When I don't write on my blog for a while, it calls to me, "Chris! You've been ignoring me!"  And I feel disappointed with myself because I'm "supposed" to be posting but I just don't feel like it or have the mind to.

Which has led to several days of thinking and praying about my blog.  Should I continue? Should I give it up, so I don't feel like I'm failing when I don't post very often? Should I just blog whenever I can, and not worry about it when I don't?

And also, what is my purpose in blogging?  I'd been a reader of blogs long before I started my own. Which is why I started mine, because I like how the blog-world connects people of like minds. I thought it would be fun to share some of my self and my world. However, I enjoy blogs have a more specific focus than "here's what happened this week"; so I'd like mine to go beyond that also.

I've tried not to focus too much on my health issues, because I didn't want to come across as complaining, or woe-is-me. I haven't posted much about homeschooling either because I don't feel like we do anything spectacular or out of the ordinary that would be of great interest or help to other homeschoolers.

Yet, homeschooling and my health are a huge part of my life; they are my life. Again, that leaves me wondering about my purpose in blogging. What might God desire of my blogging? If I post more about my health struggles and somehow managing to homeschool in spite of them, can I do it in a way that God could use to be encouraging to other moms in a similar boat?

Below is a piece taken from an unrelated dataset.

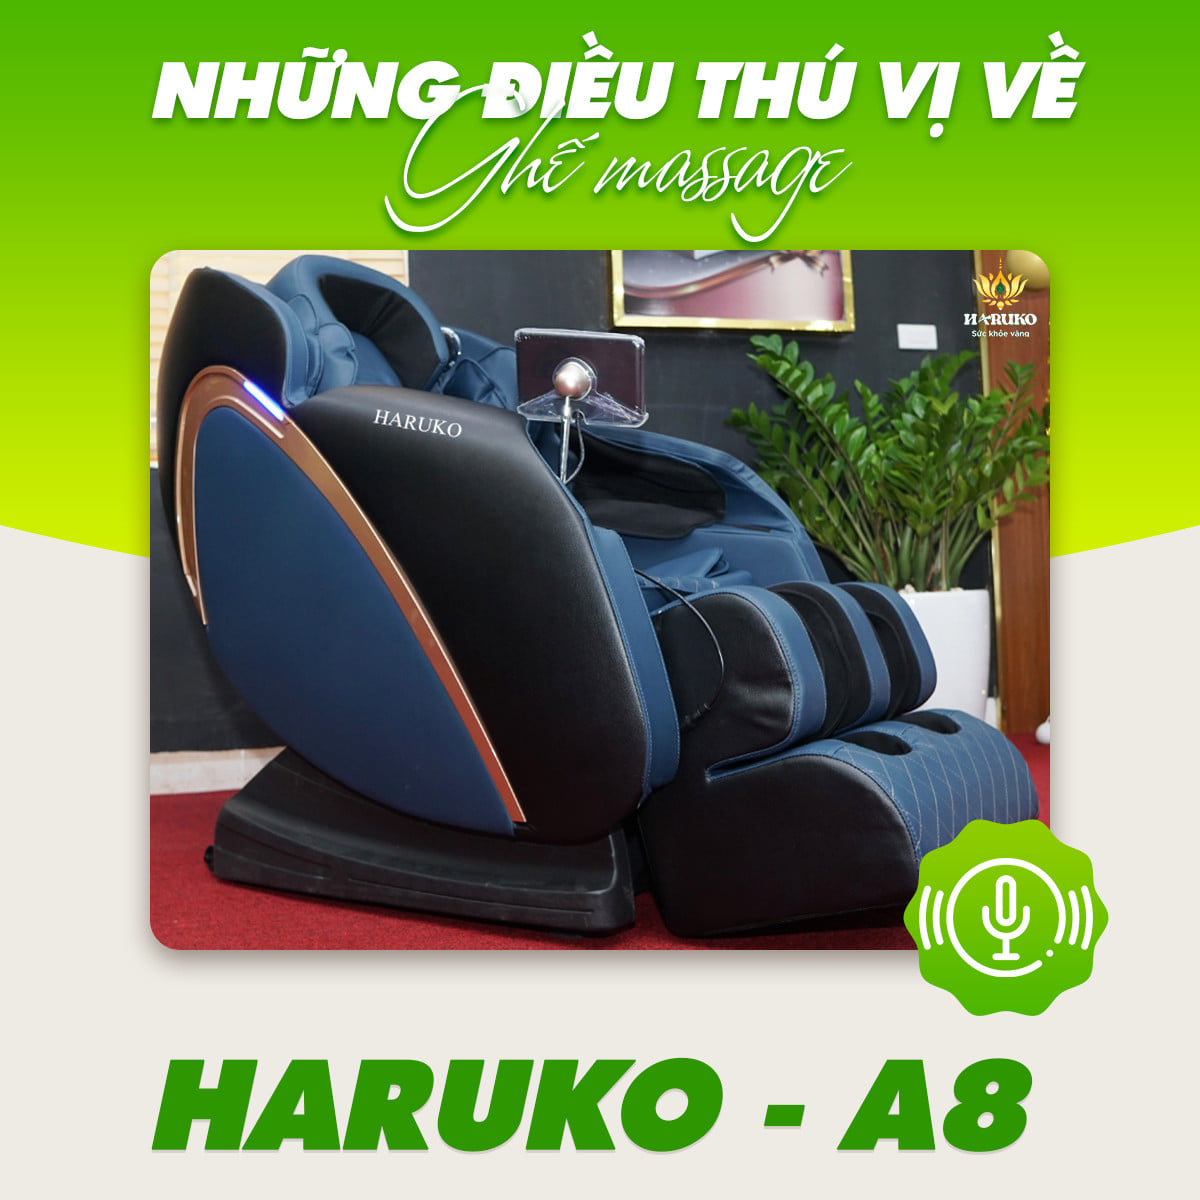 Ghế massage Haruko-A8 với gam màu xanh ngọc toát lên vẻ sang trọng khi bạn ngắm nhìn

Parenting and being a mom was also a big struggle for me for the first several years. Should I go back and sift through the lessons I learned along the way, and share those? Perhaps that could be helpful to younger moms? But then I doubt myself, that I don't really have anything "worthy" enough to say that hasn't already been heard. And there are much better writers out there anyway.

Any thoughts? Or feedback?  I guess I'm in limbo here, and need to continue seeking what God thinks about my blog. Because that's the real purpose.